From the outside, it looks totally normal.
From the exterior, the house looks like your standard Beverly Hills mansion owned by a famous person. It's got that vague Spanish style, an in-ground pool, hot tub, and a very manicured lawn. I could picture Dr. Phil living in a house like this.
But slowly, things start to seem off.
Huh, that gate seems a little whimsical for a guy who's written books with titles like Life Strategies, Life Code, and Self Matters. He generally seems to be a pretty straitlaced guy, and this looks like something the Wicked Witch of the West put up to keep out members of the Lollipop Guild. Then, all at once...
Let's take this one thing at a time. Yes, those seem to be petrified tree trunk style bar stools. Yes, the bar is lit with hideous blue lighting. Yes, a chandelier drips with what honestly look like a bunch of sperm. And last but definitely not least, yes, that is a staircase designed to look like it is entangled in Jumanji-like vines. Oh wait, can't forget the giant pair of lips above a dangling teddy bear (??) in the upper left corner. This! House! Belongs! To! Dr.! Phil!
Now, to be fair, it seems that while Dr. Phil owns the house, he doesn't live in it, nor is he responsible for things like the gun wall, the creepy cartoonish animal statues, or the hairy-looking light fixtures. According to E! Online, the house is mostly lived in by Phil's son, Jordan McGraw, who once proudly described his decor choices as, "The idea is kind of Tim Burton threw up on a canvas and it turned into a house."
It sure looks like someone threw up in this house, anyway. I will never ever in my wildest dreams understand people who buy cityscape paintings or photos. Not to mention oh, everything else in this room. The pool table with lion legs is a particular monstrosity.
It must have taken lots of money to maintain this gothic clown nightmare energy throughout the whole house. Hilariously, the listing claims, "The interior has been dramatically remodeled and updated with eclectic finishes that can be kept or transformed into your own vision."
I can't imagine anyone who would want to keep the decor as is, but I also can't imagine the space without the vine staircase or the neon "Hello There" sign, which is clearly a message from an otherworldly steampunk spirit trapped in the mansion's walls. By the way, have you been counting the sad mice in the pictures? I think we're up to 8,000. It's like your own private, horrifying Disneyland.
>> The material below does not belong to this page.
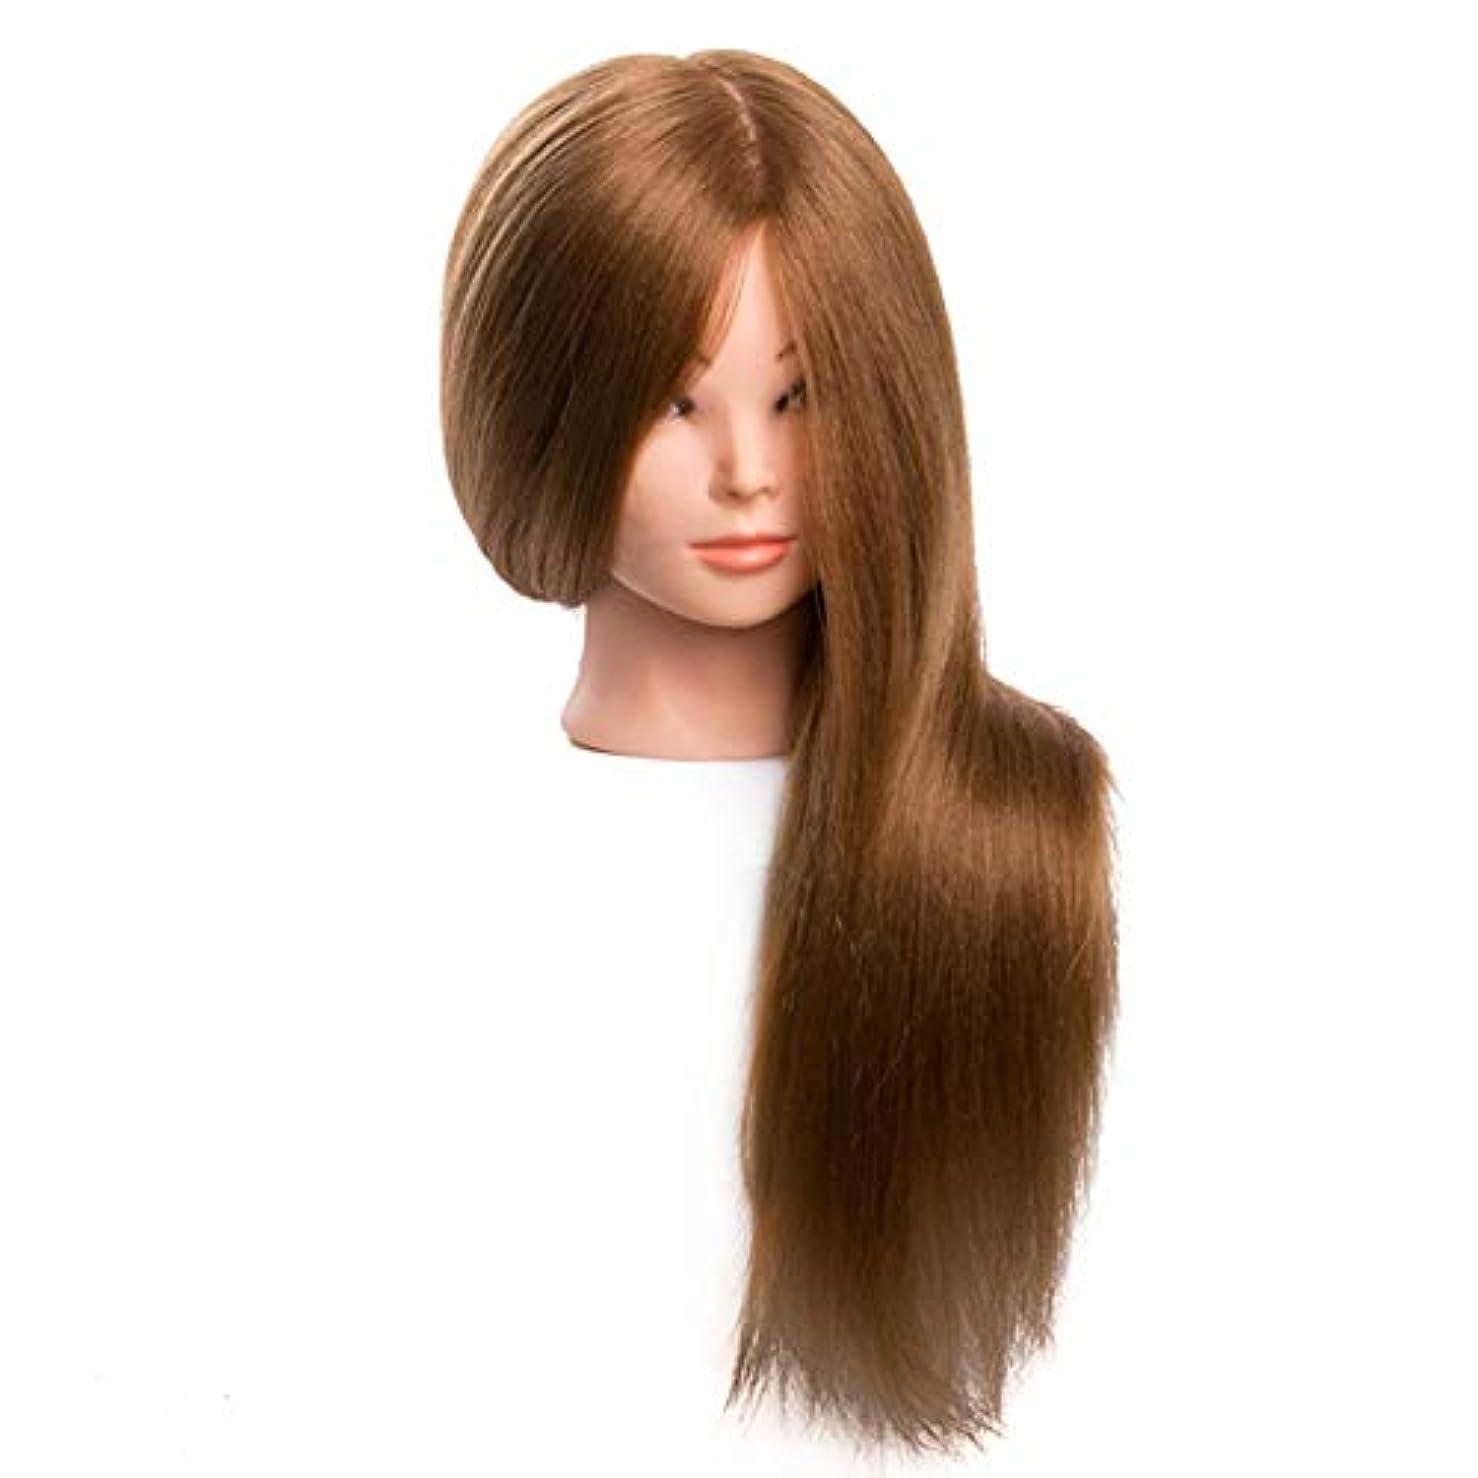 少し空虚小麦粉サロンエクササイズヘッド金型メイクディスクヘアスタイリング編組ティーチングダミーヘッド理髪ヘアカットトレーニングかつら3個

I cannot stress this enough. There are 6,170 square feet in this house, and every single one of them is filled with nonsense. That's five bedrooms, six bathrooms. I'd be afraid to sit on the toilet for fear of being enveloped by vines.
Guys. That bunny statue/ stool thing with a handlebar mustache won't stop staring at me. Please, help. It's searing into my soul. I can't move. I can't even make fun of all the purple in the room. It's making me...sleepy. I'm closing my eyes now. My slumber will be deep, but it will not be restful. Goodnight.